For all its growth, Amazon’s ad business has yet to make real inroads into brand budgets. Most advertisers tend to be wowed by Amazon’s ability to drive direct response. But voice technology could change that, particularly if Amazon looks to install Alexa into more cars.
While Amazon continues to lead the smart speaker market, both Google and Apple have the advantage of having their voice assistants built into smartphones. Cars could be a way to push Alexa further into the mobile space, as well as get Amazon’s ad business closer to those marketers with some of the biggest brand marketing budgets available.
“Buick’s addition to the growing list of voice-enabled cars is one step closer to Amazon’s vision of ‘Alexa everywhere’”, said Steff Preyer, business director at voice agency Rabbit & Pork. “Rather than thinking of voice search as a standalone activity that occurs within the home, voice is on its way to becoming an omnipresent channel, so that you can fire a command at an inanimate object at any point of your day and expect to get a response.”
Buick’s fledgling partnership with Amazon is indicative of a wider trend among automotive advertisers.

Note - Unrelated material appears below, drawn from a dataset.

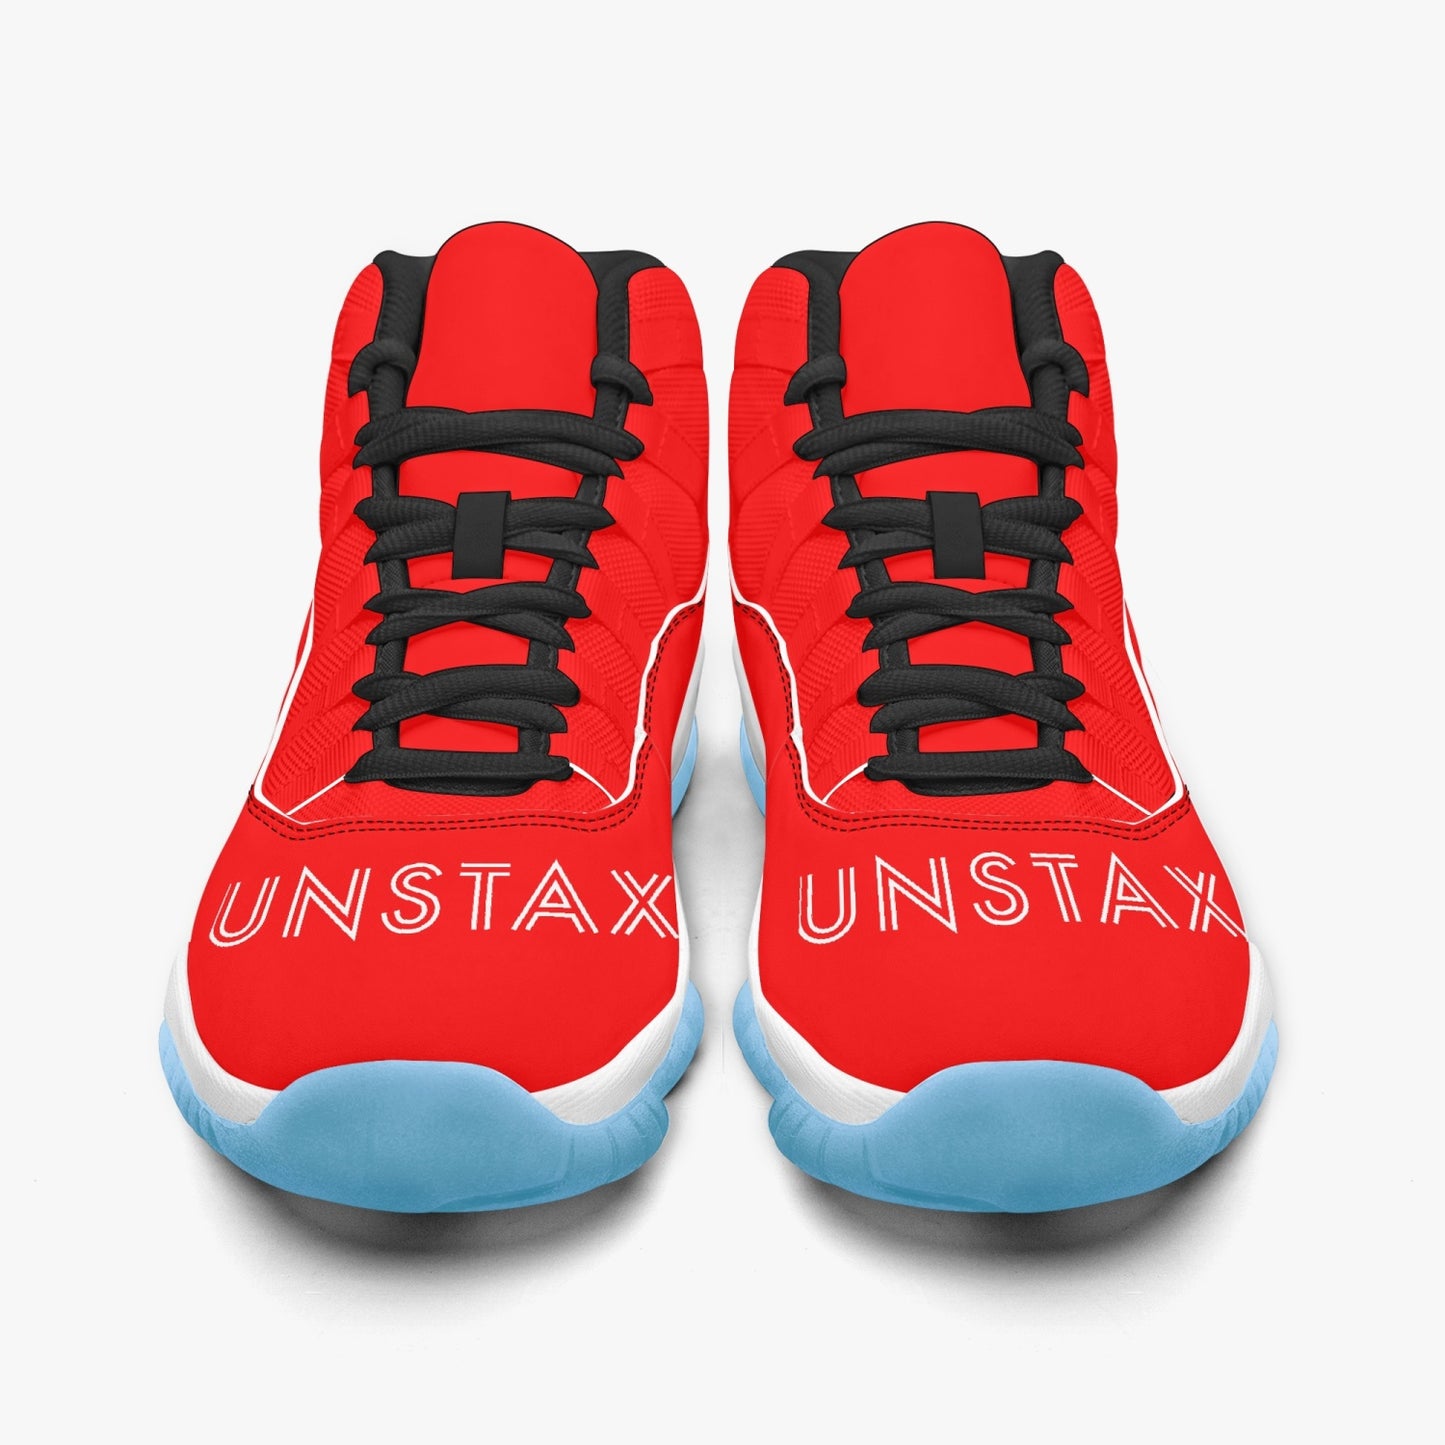 Unstax Raks Basketball Sneakers -Blue Sole

In a year where physical retail was, by and large, shut for more than three months of the year, more people bought products online and plan to continue doing so even as lockdown measures ease. In turn, car manufacturers have stepped up their pursuit of online sales.
France’s PSA, Volkswagen and Daimler have all tested car-based e-commerce strategies in recent months, reported the Financial Times.